If any task still shows 0 subtasks after --all completes (rate-limit hiccup, provider timeout, partial run), re-run the same command:

python3 script.py expand

The backend operation only re-expands tasks that are still in pending state with 0 subtasks, so a second invocation is safe and recovers gracefully. Do NOT work around it with parallel per-id calls — that is the exact pattern that causes silent data loss.

Evidence gate

Gate: spec validation grade is ACCEPTABLE+ AND placeholders_found == 0 AND tasks parsed AND complexity analyzed AND all tasks have subtasks in .taskmaster/tasks/tasks.json.

Emit a compact one-block status:

Generate:
  spec: .taskmaster/docs/prd.md (grade: <grade>, score: <n>/<total>)
  placeholders_found: <n> (bare), <m> deferred_decisions
  tasks parsed: <n>
  complexity report: .taskmaster/reports/task-complexity-report.json
  subtask coverage: <n>/<n> tasks expanded (<total> subtasks)

Exit gate

After the evidence gate passes:

Call mcp__plugin_prd_go__advance_phase(expected_current="GENERATE", target="HANDOFF", evidence={"validation_grade": "<EXCELLENT|GOOD|ACCEPTABLE>", "task_count": <int>, "subtask_coverage": <float 0-1>, "placeholders_found": <int>}).
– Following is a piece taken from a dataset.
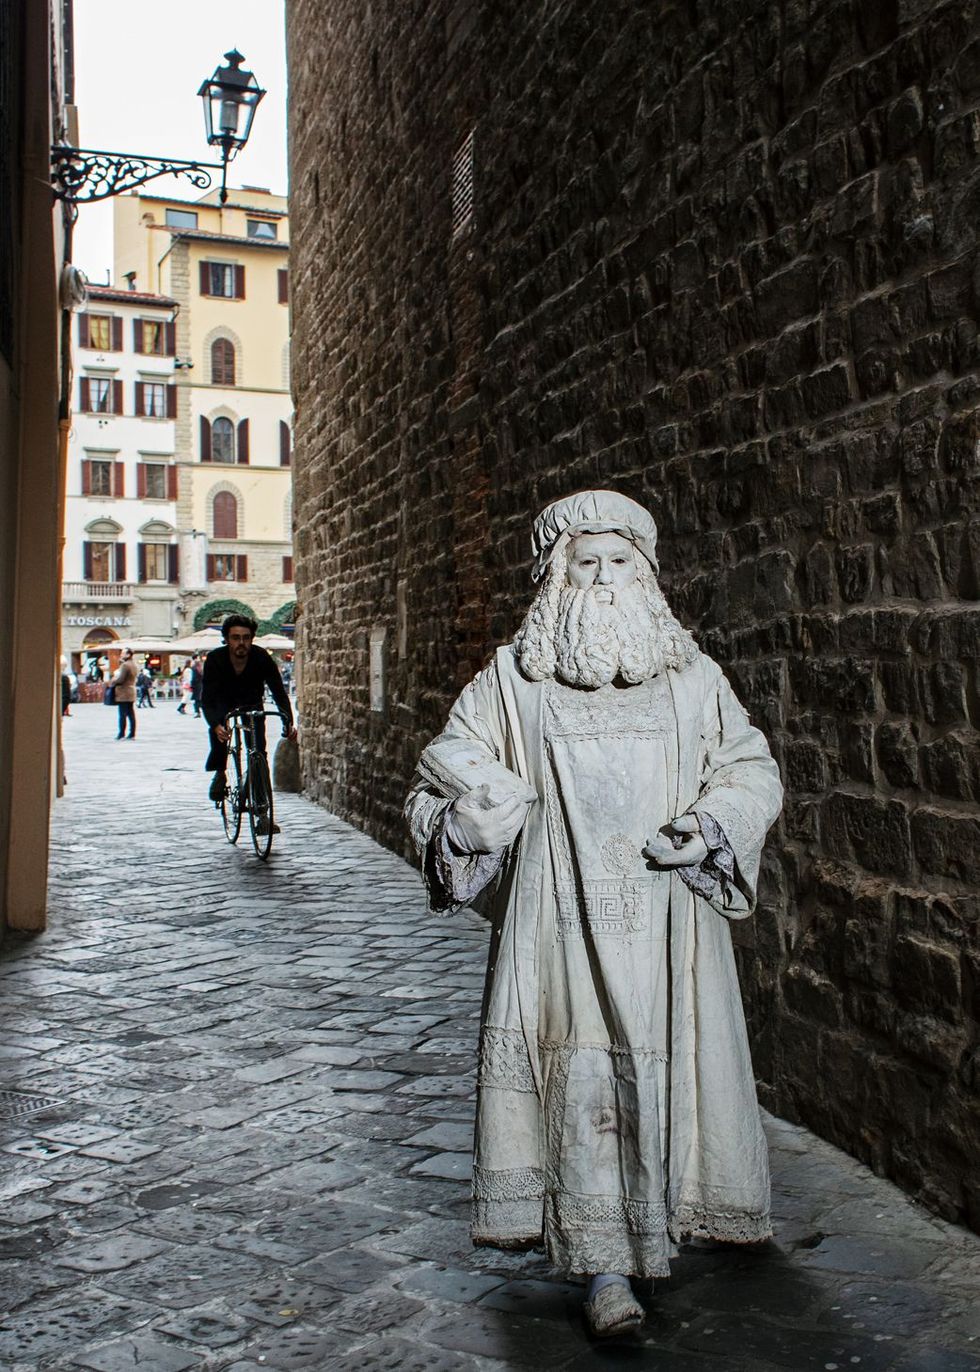 In Florence verwierf de jonge Da Vinci bekendheid vanwege zijn buitengewone talent in de stad kreeg hij zijn eerste opdrachten Hij was een trofee en een statussymbool voor opdrachtgevers zegt museumdirecteur Paolo Galluzzi Hier belichaamt straatartiest Valter Conti de sterrenstatus van Da Vinci hij loopt naar het museum Uffizi om op de foto te gaan met toeristen

The call atomically transitions pipeline.json from GENERATE to HANDOFF. The expected_current field is the compare-and-swap guard; evidence is stored under phase_evidence[HANDOFF] for audit.
Return control to the orchestrator (prd-taskmaster skill). Do NOT invoke HANDOFF directly — the orchestrator re-reads current_phase and routes.

Red flags (stop and report, do not paper over)

"The validation says placeholders_found=3 but the content reads fine — I'll advance anyway" → NO. Bare placeholders are a hard fail. Fix or attribute with reason:.
"task-master expand --all is slow, let me run expand_task in parallel across IDs to speed it up" → NO. That is the exact race that silently drops subtasks. Serial --all or serial per-id only.
"A constraint from DISCOVER isn't in the spec — I'll add it to the handoff note instead" → NO. Constraints live in the spec. Fix the spec.
"Complexity analyze output looked odd, I'll skip reading the JSON report" → NO. Read .taskmaster/reports/task-complexity-report.json directly; the stdout table is decoration.
"I can call advance_phase without check_gate" → NO. Gate first, always.
"The template prose is close enough, I'll ship it verbatim" → NO. The template is a shape, not content. Fill every section with project-specific material.

Non-exits

This skill does not use explicit process termination. A hard block reports the reason and returns control to the orchestrator; the orchestrator decides whether to surface to the user.